The Branch and Bound algorithm is an intelligent enumeration of the tree of possible solutions.
As the name suggests, the algorithm has two steps:
 separation: separating a set of solutions into subsets;
 evaluation: evaluating the solutions of a subset by increasing the value of the best solution of this subset.
The algorithm proposes to browse the tree of possible solutions by evaluating each subset of solutions. It keeps in memory the value of the best solution f(s) found so far. When the evaluation of a subset gives a value lower than f(s), the algorithm finds it useless to explore it.
The branch and bound algorithm is often used instead of dynamic programming. Evaluation is often the objective function with constraints relaxed (by decreasing number) depending on the depth.
Separation
The set of solutions is separated by setting the value of one or more variables of the problem. Suppose a threevariable problem, the full tree of separation in ascending order of the variables is as follows:
There are two exploration techniques, related to the path of a tree. The width first is to promote the widening of opportunities by increasing depth, there is no backtracking. Depth first favors the widening of possibilities by visiting the deepest leaves. The advantage is to quickly provide « good » solutions and eliminate suboptimal branches.
Evaluation
The root of the tree is an acceptable solution that will serve as a reference. So we get a solution giving a value z as an upper bound the optimal solution.
Evaluation is often carried out on the initial problem after relaxation. A relaxation toggles complex constraints to linear or whose dual is simple constraints. For example, an integrity relaxation allows you to work with real variables instead of integer variables.
Once the evaluation has been completed, two cases are possible (for a min):

 If evaluation(S_{i})≥z, then S_{i} contains no optimal solution, it is not useful to explore in detail the subset S_{i}.

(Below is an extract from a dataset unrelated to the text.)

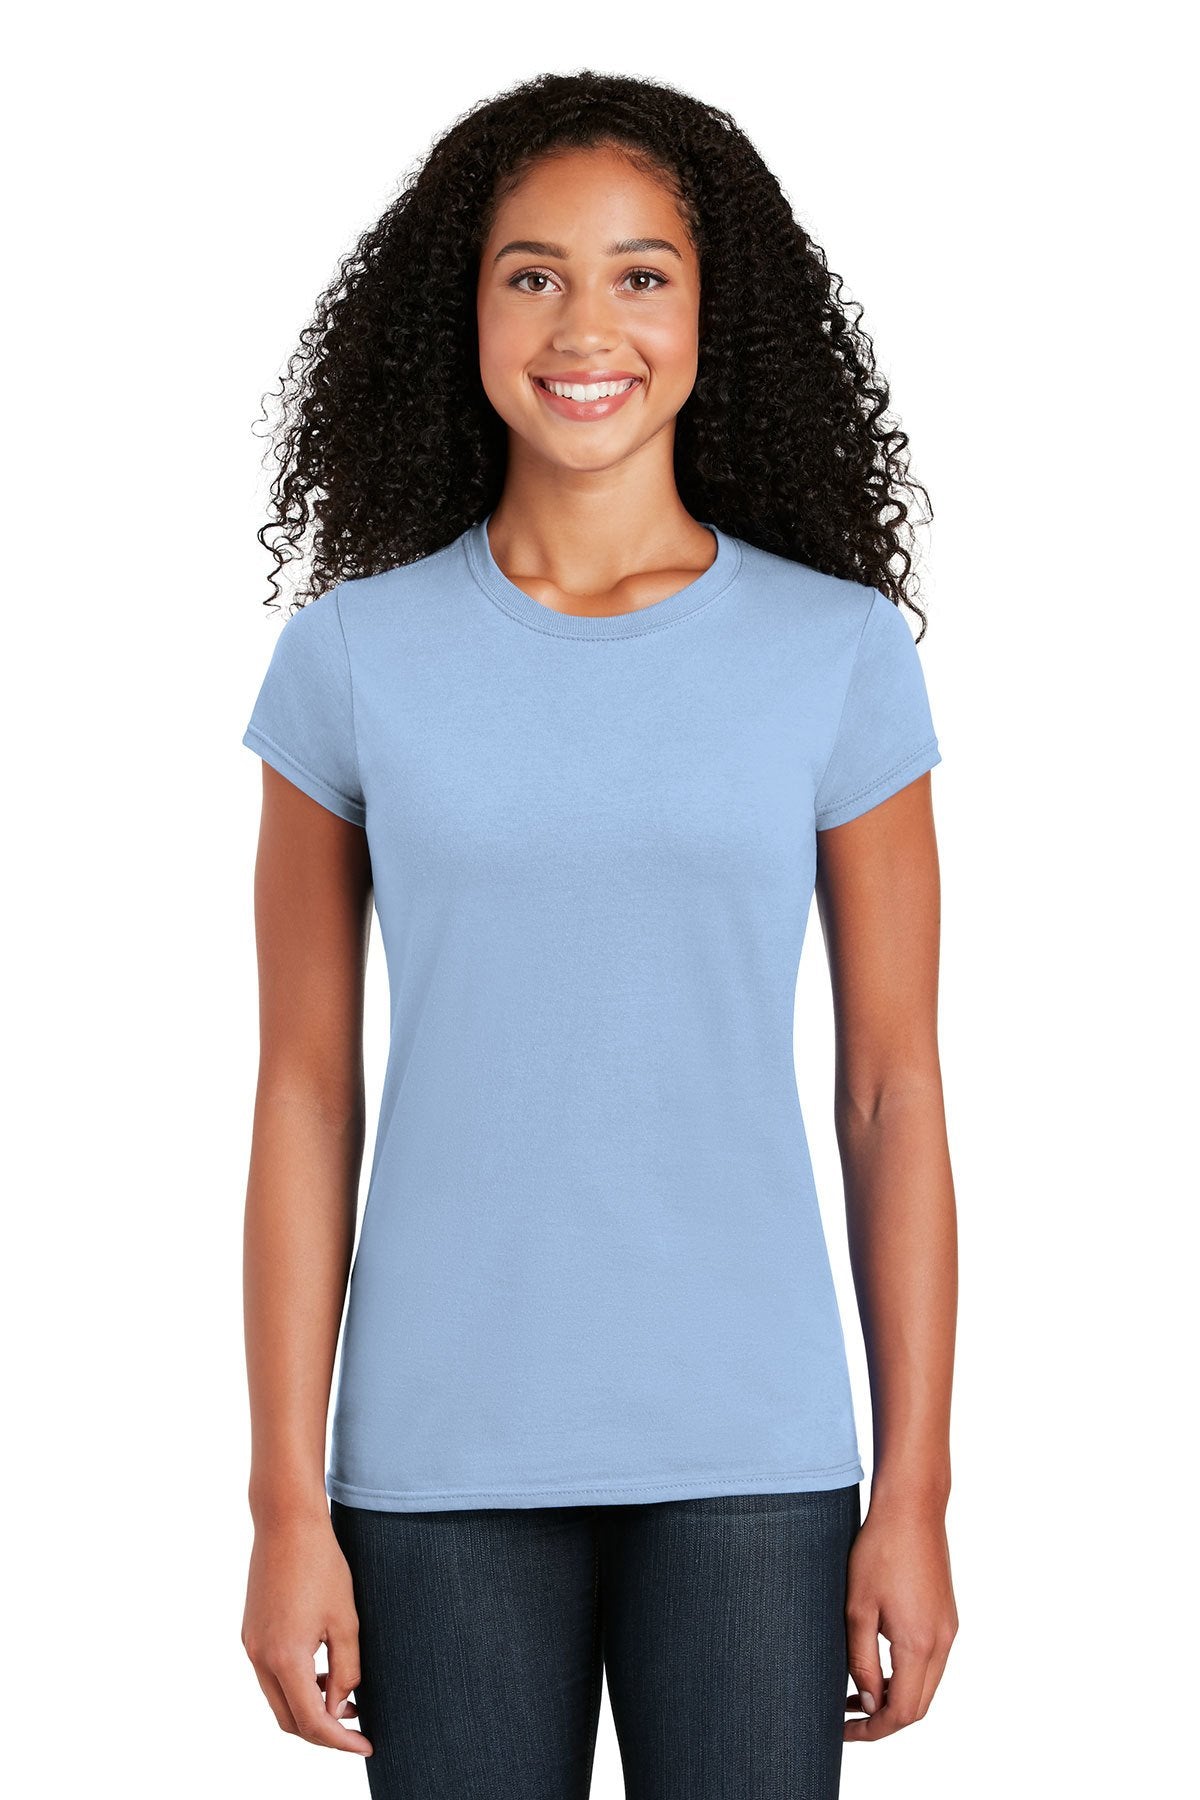 Gildan Softstyle Ladies T Shirt in Light Blue, add a ...

 If evaluation(S_{i})<z, then we test the eligibility of the evaluation solution. If it is admissible, we update z, otherwise we continue the exploration until one of the preceding conditions is obtained.
Example: knapsack problem
A cargo plane has a cargo capacity of 18 volume units. He must carry freight containers in order to maximize the total value of his cargo. The available containers are in unlimited quantity for each type:
 Container A, value 6, volume 2;
 Container B, value 8, volume 3;
 Container C, value 13, volume 4;
 Container D, value 17, volume 5;
 Container E, value 20, volume 7.
At first, we will solve the problem using a greedy algorithm. Then we will determine the optimal solution by a Branch & Bound procedure.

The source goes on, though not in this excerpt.